:: PROVIDED MATERIAL ::
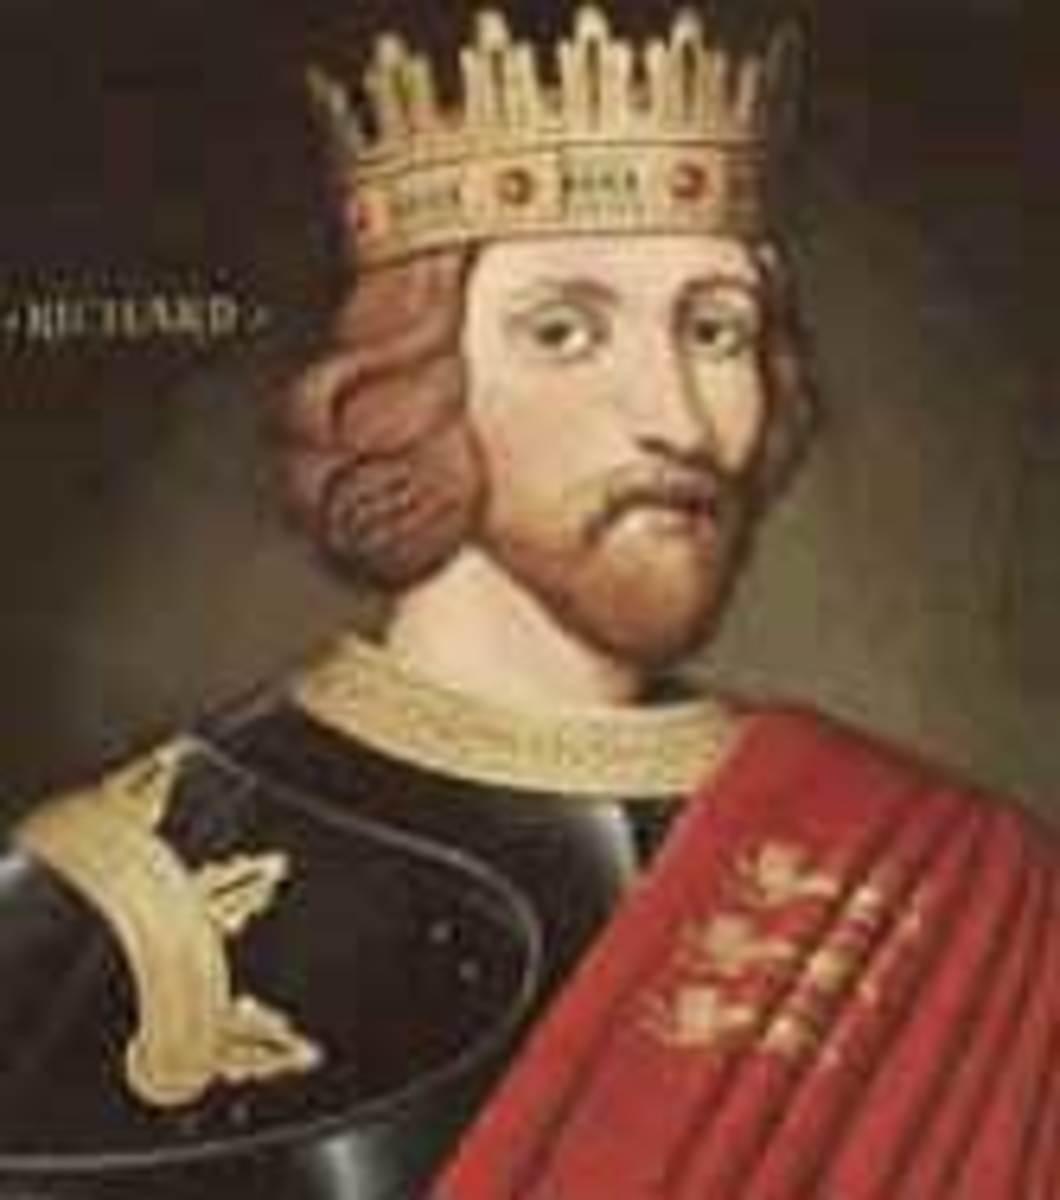 Richard I, Richard the Lionheart, King of England (1189-1199)
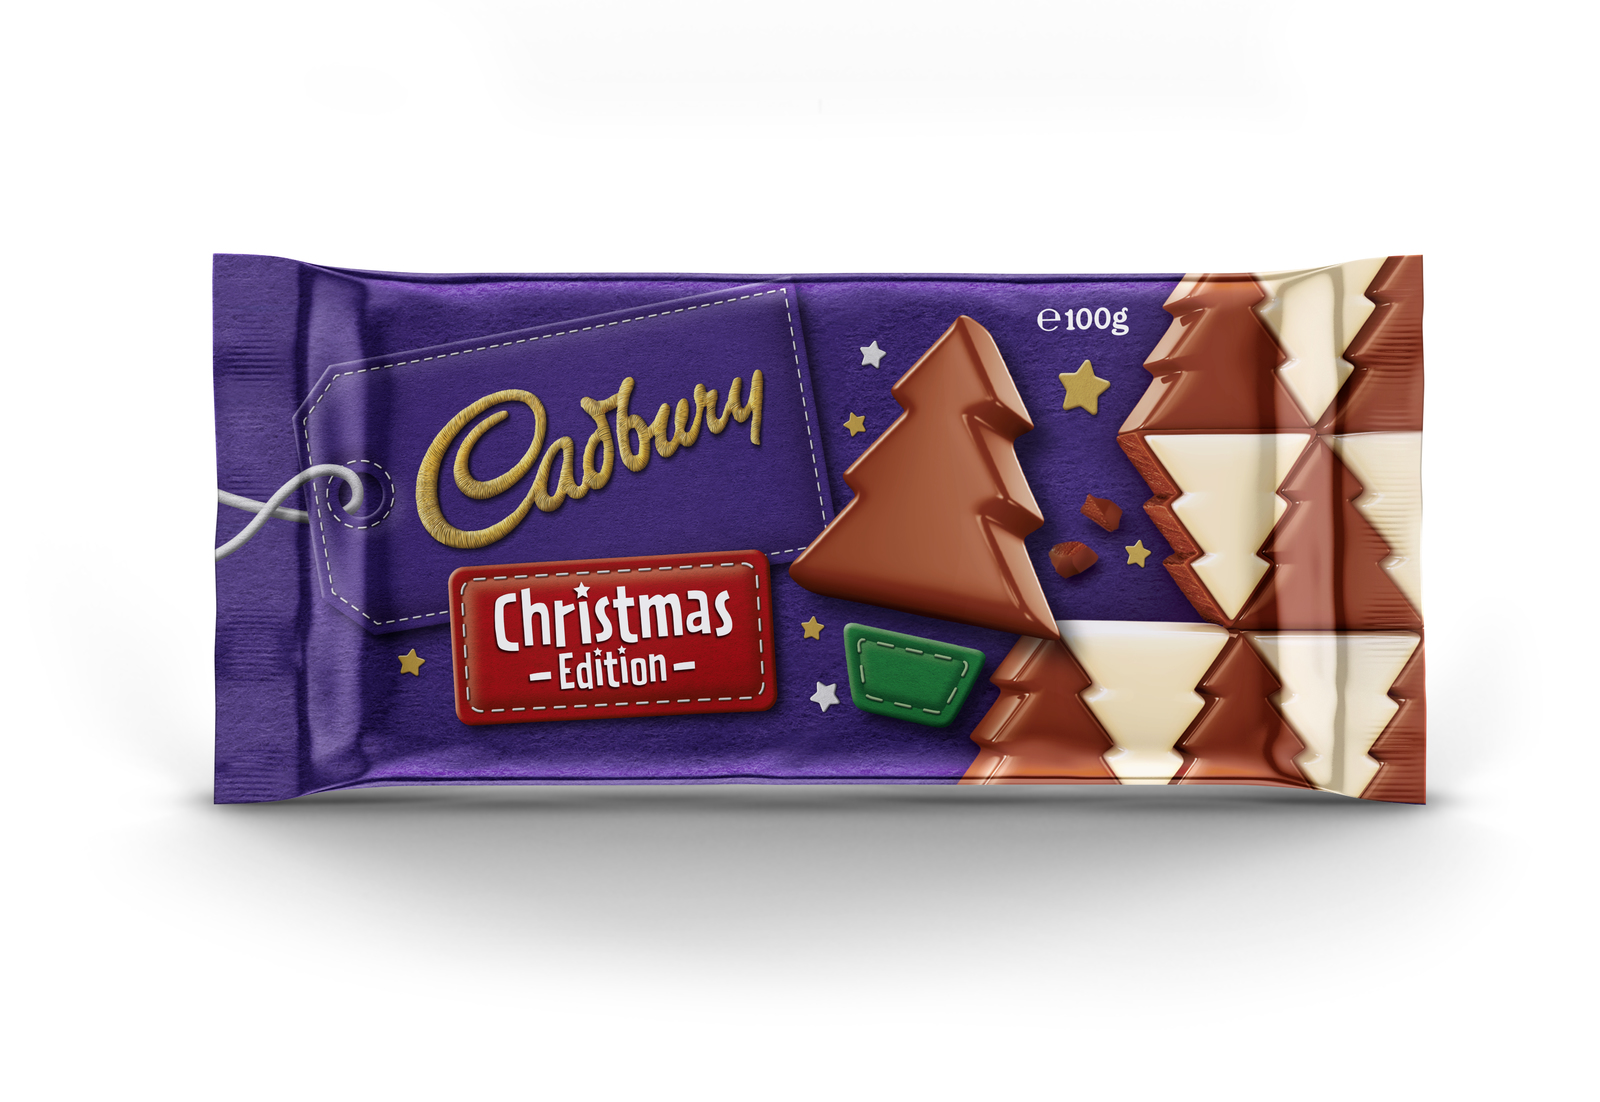 Cadbury Christmas Block (100g) image
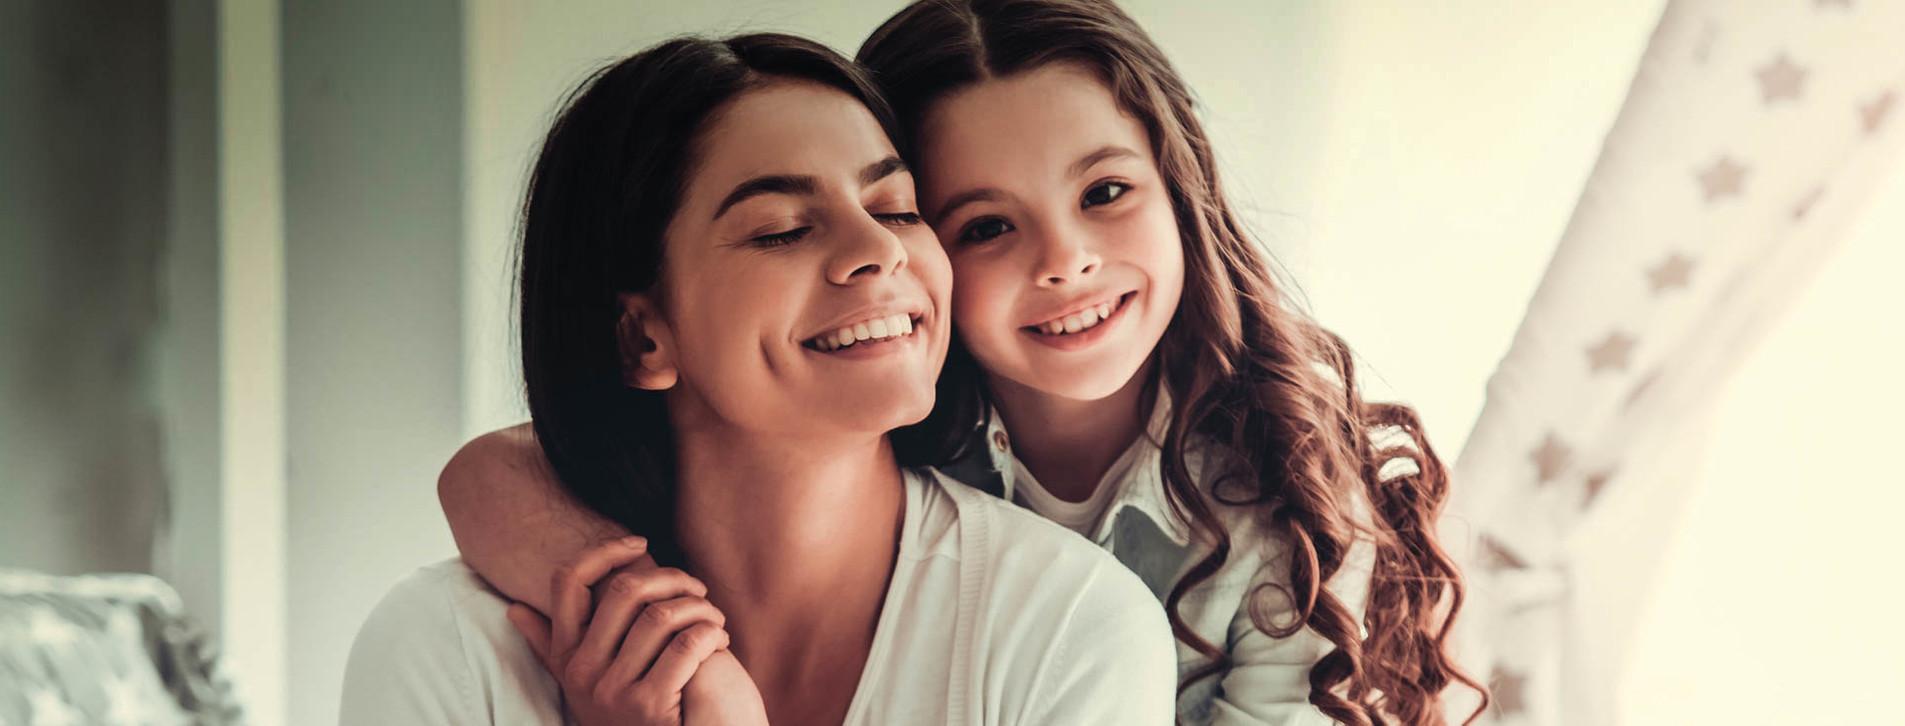 Фото - Beauty Day для мамы и дочки
:::
**TASK DESCRIPTION**
What you hand back should match the listing exactly, except that no pictures appear.

**RESULT OF THIS TASK**
 Richard I, Richard the Lionheart, King of England (1189-1199)
 Cadbury Christmas Block (100g) image
 Фото - Beauty Day для мамы и дочки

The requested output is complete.